FLG mutations cause ichthyosis vulgaris, the most common type of ichthyosis⁴. Besides, loss-of-function mutations in FLG are crucial genetic risk factors for atopic dermatitis and have been associated with more severe and early-onset disease¹⁸. CES analysis revealed a heterozygous frameshift pathogenic mutation in FLG of patient 10, who was followed up with immunoglobulin E-associated atopic dermatitis. This case shows that FLG mutations should not be overlooked, especially in patients with severe atopic dermatitis.

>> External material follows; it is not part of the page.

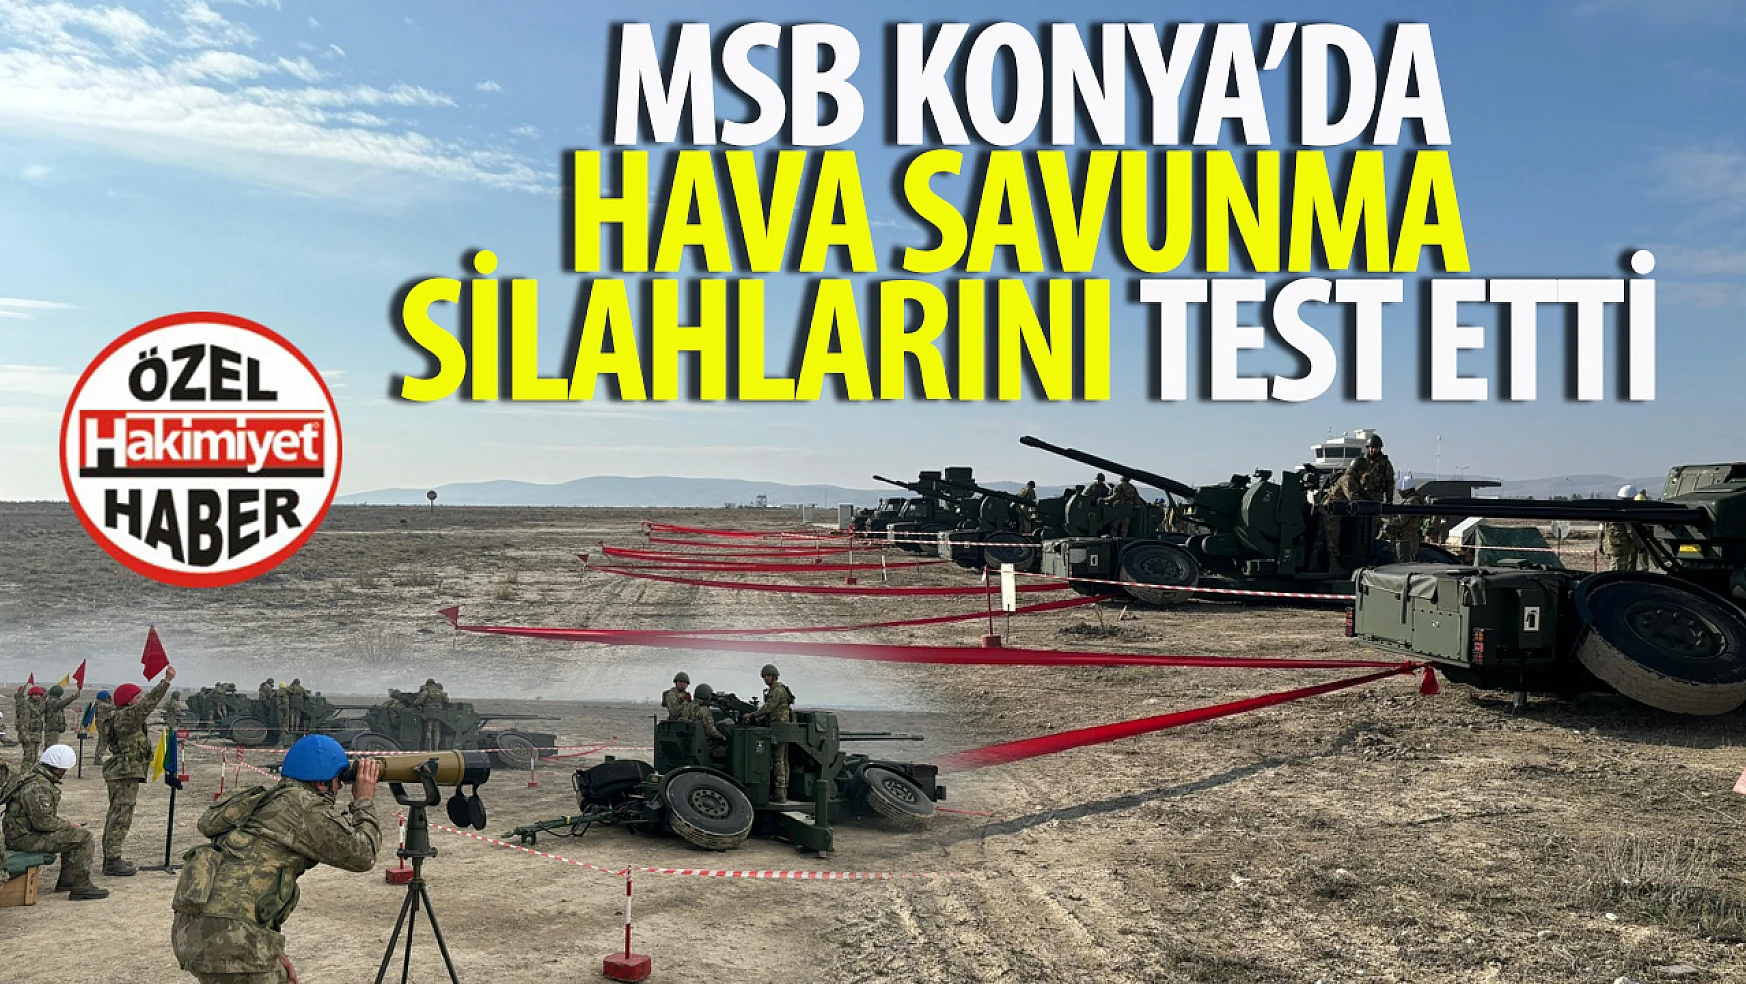 Türk Silahlı Kuvvetleri'nden Konya'da Başarılı Atış Testi: Hava Savunma Silahları ile Kara Hedeflere Atış Faaliyeti

Although studies on the relationship between ichthyosis and skin cancer and their molecular mechanisms have increased in recent years, it will continue to be defined in the future¹⁹. As a result of loss-off function mutations in FLG, FLG deficiency in the epidermis leads to decreased protection against UV exposure and an increased risk of DNA damage and neoplasia. Specifically, an increased risk of basal cell carcinoma and squamous cell carcinoma was reported²⁰. Therefore, these patients should be offered regular examinations for skin cancer. Discoveries in ichthyosis genetics will provide a better understanding of skin cancer predisposition.

CONCLUSIONS

NGS methodologies are very useful in the diagnostic approach to ichthyosis. In addition, the detection of heterozygous carriers, especially in consanguineous families, allows preimplantation genetic diagnosis. Our study unravels the molecular etiology of Turkish patients with ichthyosis and contributes to broadening the mutation spectrum in ABCA12, ALOX12B, ALOXE3, FLG, KRT10 NIPAL4, PNPLA1, and TGM1.